Suppose $E_{0}$ is a topological space, with topology $\tau_{0}$. Let $\mathcal{F}_{0}$ be its Borel $\sigma$-algebra, i.e. the $\sigma$-algebra generated by its open sets. Now, take $I$ a countable set and set $E := \prod_{i\in I}E_{0}$. We can equip $E$ with both its product topology $\tau$ and its product $\sigma$-algebra $\mathcal{F}$. It is a well-known result that if $E$ is metrizable (or metric) and separable, then the product $\sigma$-algebra $\mathcal{F}$ coincides with the Borel $\sigma$-algebra on $E$. In the theory of Gibbs measures, however, we usually take $E_{0}$ to be metric (or metrizable) and compact, not necessarily separable. However, I'm not sure that the product topology and the product $\sigma$-algebra, in this case, are compatible, i.e. if the product $\sigma$-algebra is the $\sigma$-algebra generated by the open sets of $E$ when it's equipped with its product topology. I think we need separability here, but some references do not explicitly assume $E_{0}$ separable.

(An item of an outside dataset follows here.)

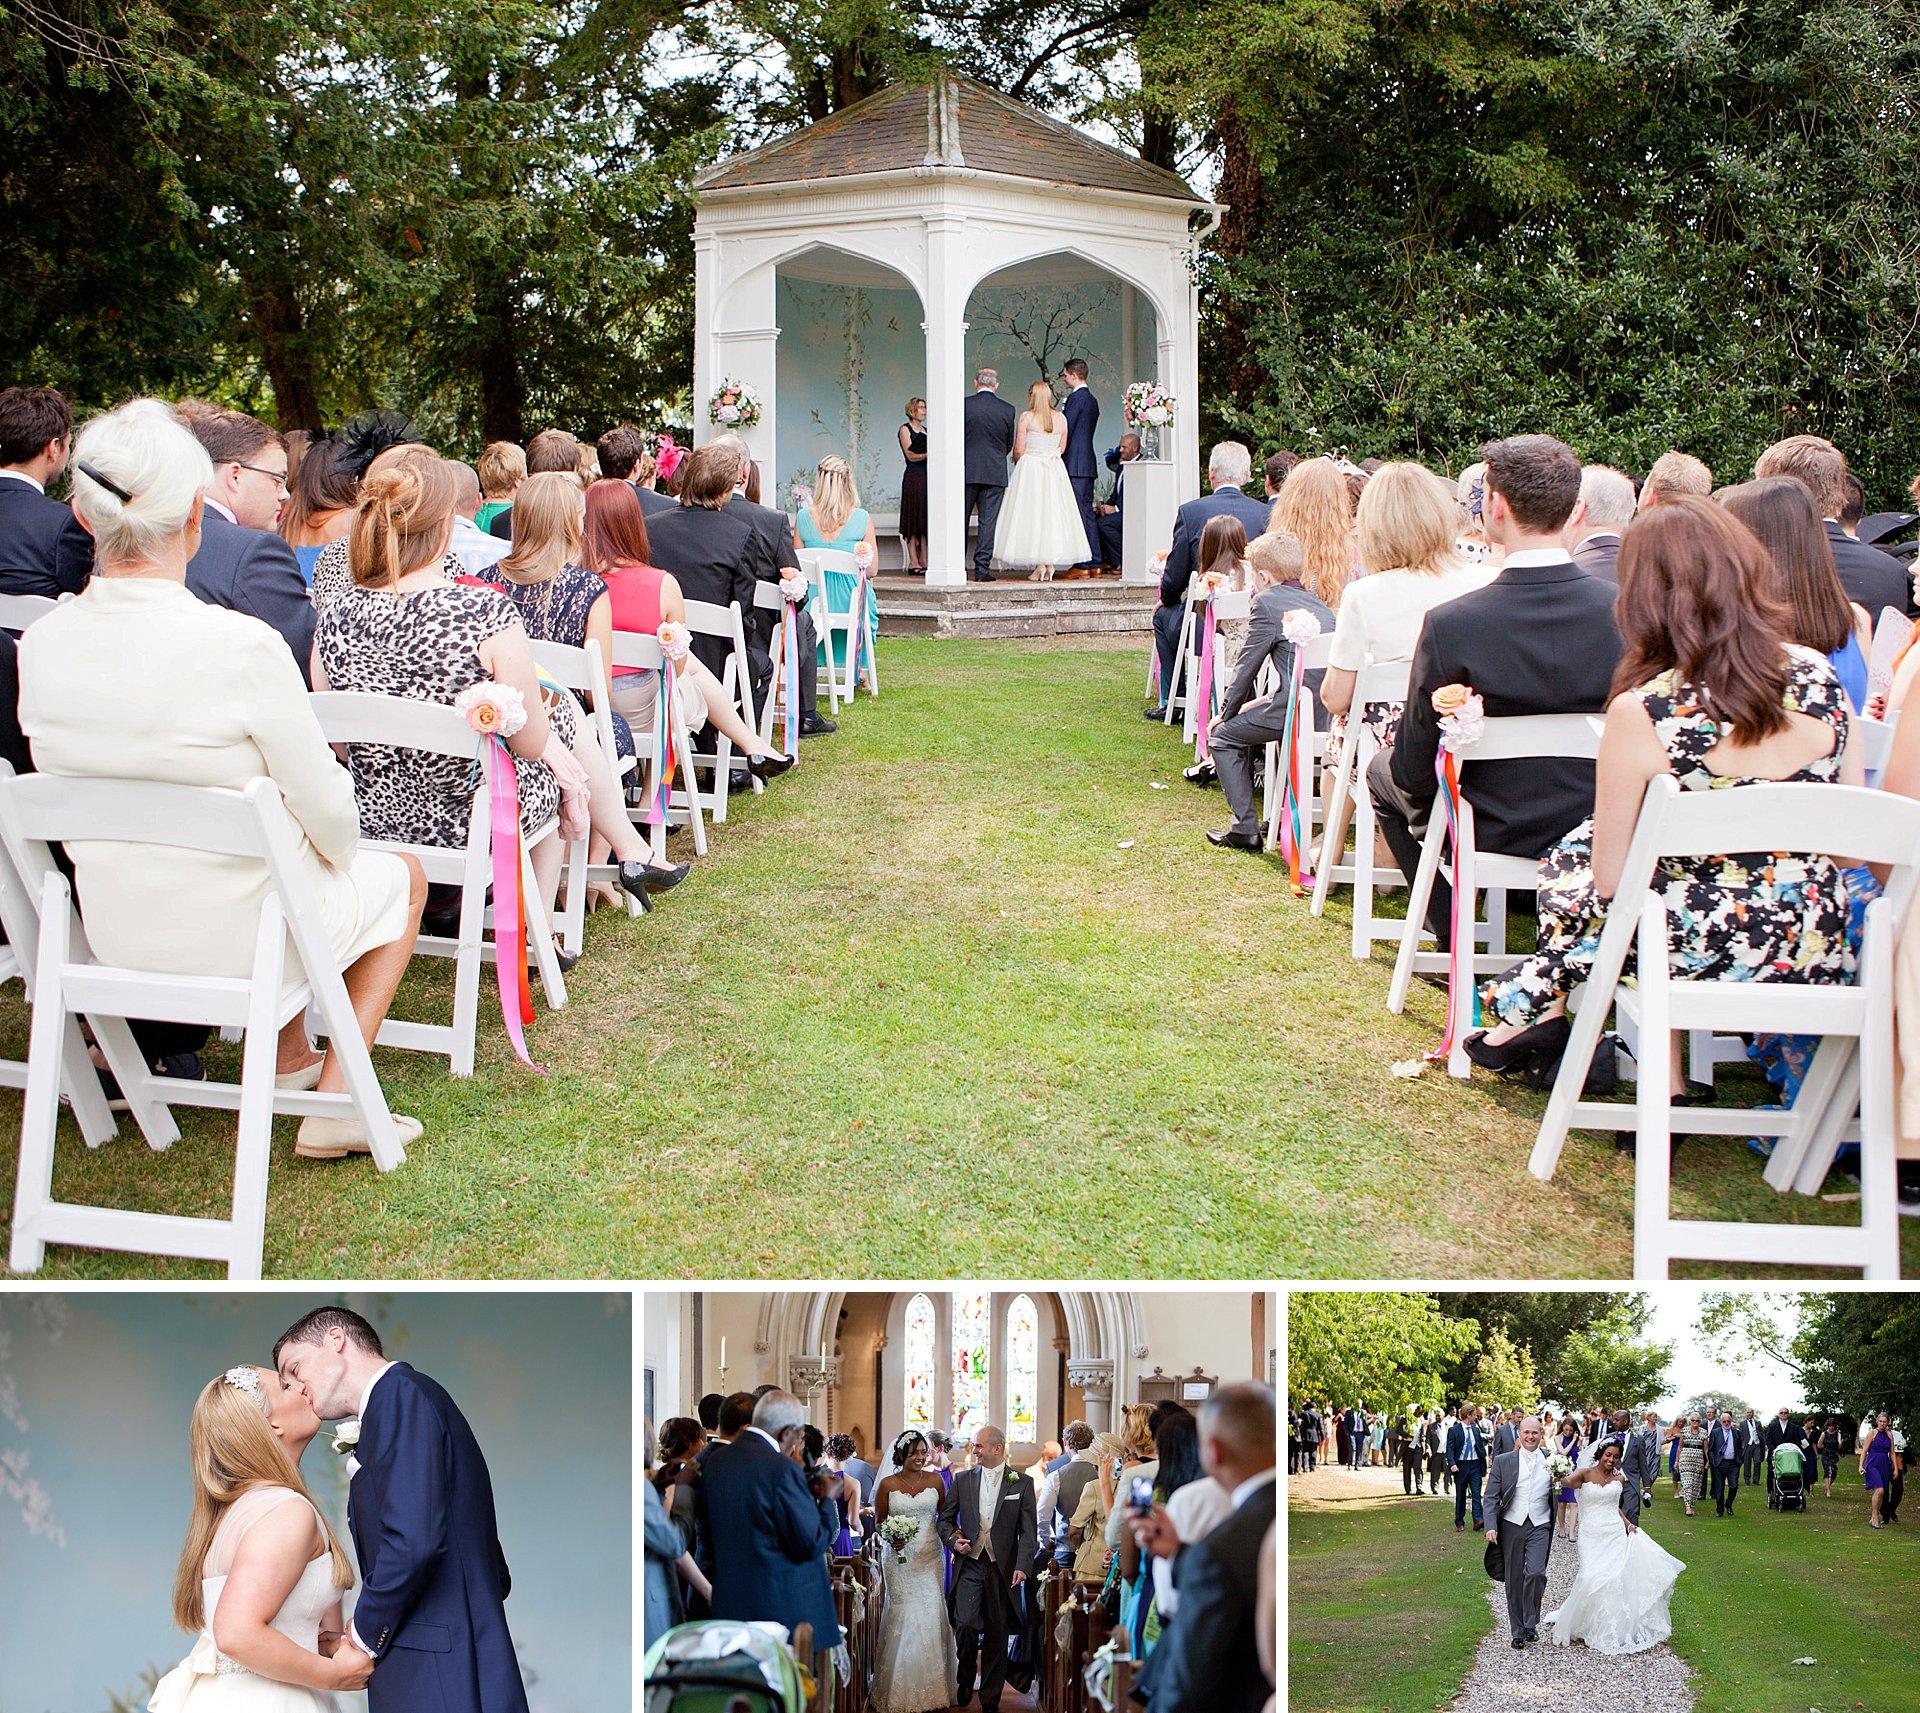 Aldermaston Wedding Ceremonies

Question: If $E_{0}$ is a compact metric space, is the product $\sigma$-algebra the $\sigma$-algebra generated by open sets of $E$ when it's equipped with the product topology?
Best Answer
In fact, I don't see a reason to worry, as all compact (or Lindelöf) metric (or metrisable) spaces are separable (just take a finite (or countable) subcover of the cover of all $\frac{1}{n}$-balls, for every $n$, and collect the centres used in all these subcovers to get a countable dense subset of the space).
So compact is more than enough to apply your result on separable metric spaces.